Monday, Jan. 21, 1918
“The lid was down tight on everything except foodstuffs and drugs in this city today,” The Saratogian reports on the fourth day of the federal government’s five-day shutdown of factories east of the Mississippi.
Today is also the first of ten consecutive Mondays on which most other businesses must also close to save coal for the U.S. war effort. Places that sell food are exempt from the Monday order, as are drug stores, theaters and newspaper offices. Theaters open today for the entertainment of idle workers will be closed for the next ten Tuesdays.
Newspapers are exempt from the shutdown order because the government considers them essential for conveying information to the public. With that in mind, the federal fuel administration is allowing two Saratoga County paper mills, the International Paper plant in Corinth and the West Virginia Pulp & Paper mill in Mechanicville, to reopen one day early and stay open on Mondays. That will put approximately 2,000 people back to work tomorrow.

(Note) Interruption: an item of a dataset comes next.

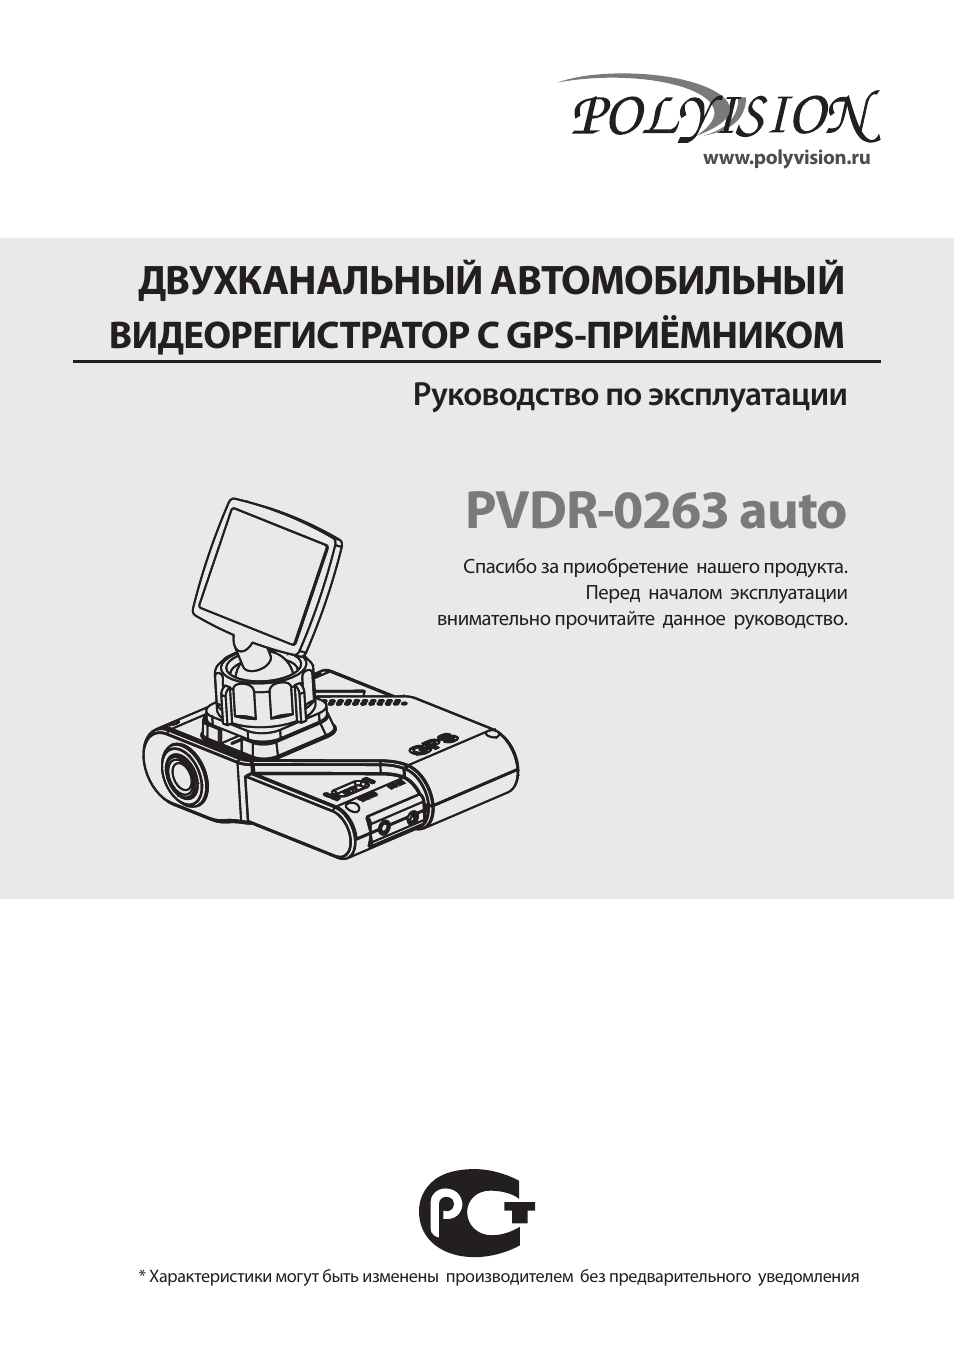 Pvdr 0453 видеорегистратор инструкция

Saloons will be closed on Mondays, and “drinks of any kind were out of the question” today. “Even the soda fountains in the drug stores were not allowed to operate and the man who was caught without smoking materials had to borrow his cigars or tobacco or go without.”
Food stores were originally supposed have halfdays today, but the latest orders allow them to stay open all day.

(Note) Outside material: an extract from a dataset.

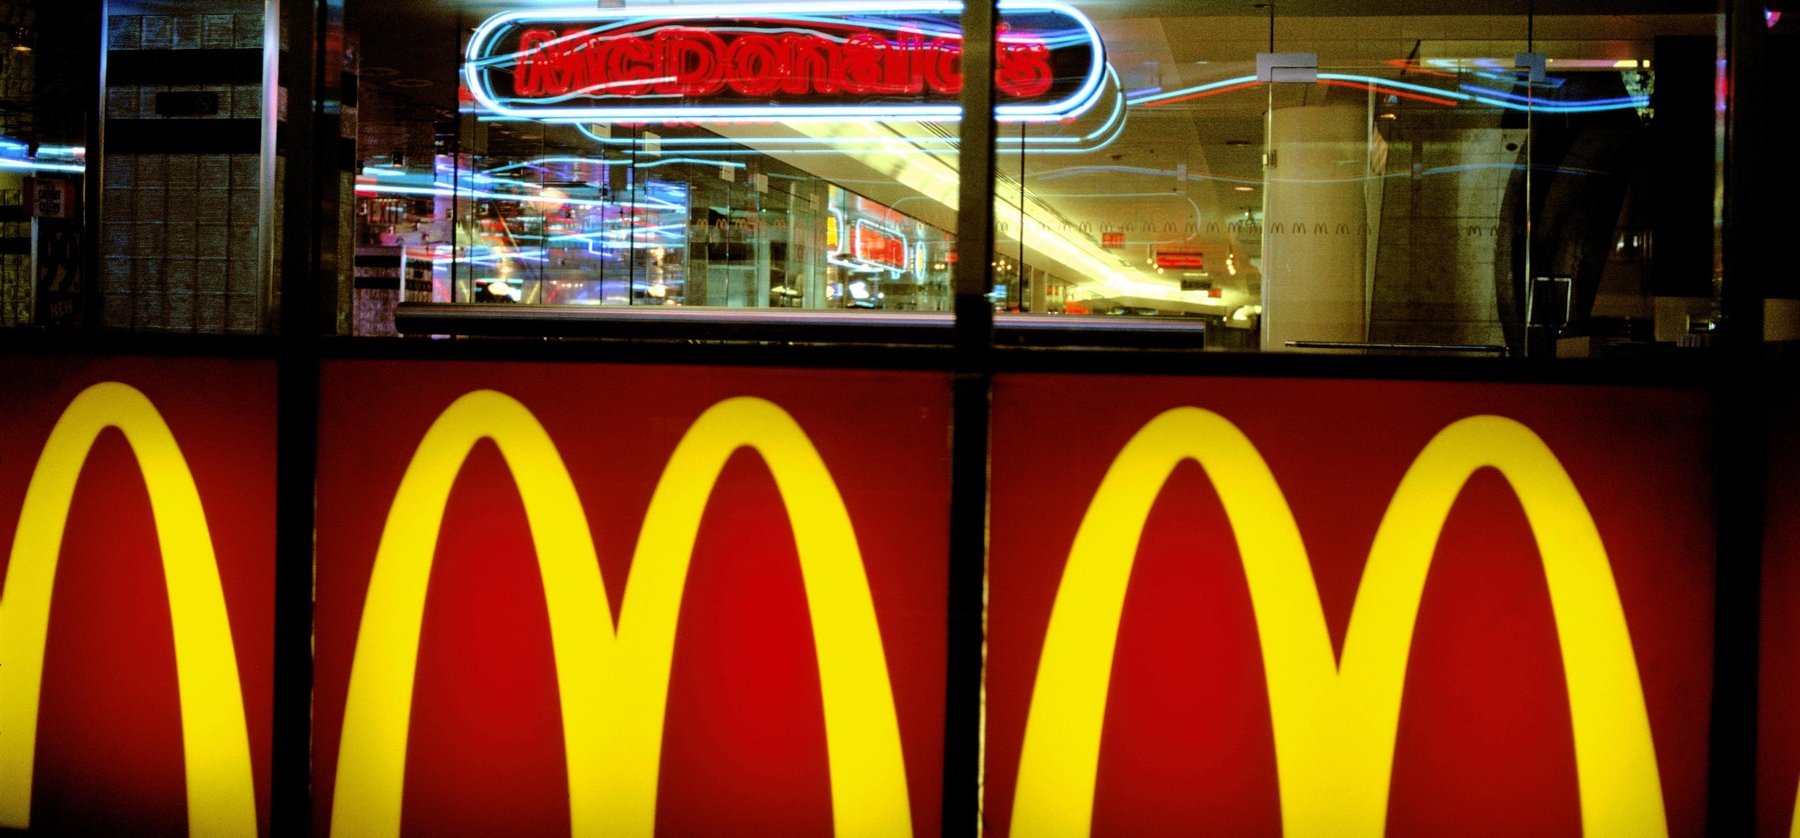 Egy hihetetlen történet: így tarolta le a McDonald's az egész világot

“Probably the most disgusted lot of people in the city today were the clerks in the grocery and other food serving stores,” one reporter writes, “Many plans that had been made for the halfholiday were shattered.”
While The Saratogian publishes today, local newsstands are closed. “Newspapers had to be bought on the streets or at the offices of publication.”
The federal government and federal fuel administrator Henry Garfield have come in for harsh criticism since the five-day shutdown was announced. The Saratogian editors have had nothing to say on the subject until today.
“One of the wholesome effects incidental to the five days’ suspension of industrial activity east of the Mississippi is that it has brought home to the country, as nothing had done previously, the fact that the United States is engaged in a big, hard war,” today’s editorial observes.
“Everyone has got to work and save and feel and suffer. And the more keenly we feel the situation now, the more clearly we see the facts now, the harder we work now, the more frugally we live now, the more we suffer now, the less we shall have to pay later, and the smaller will be the total toll.”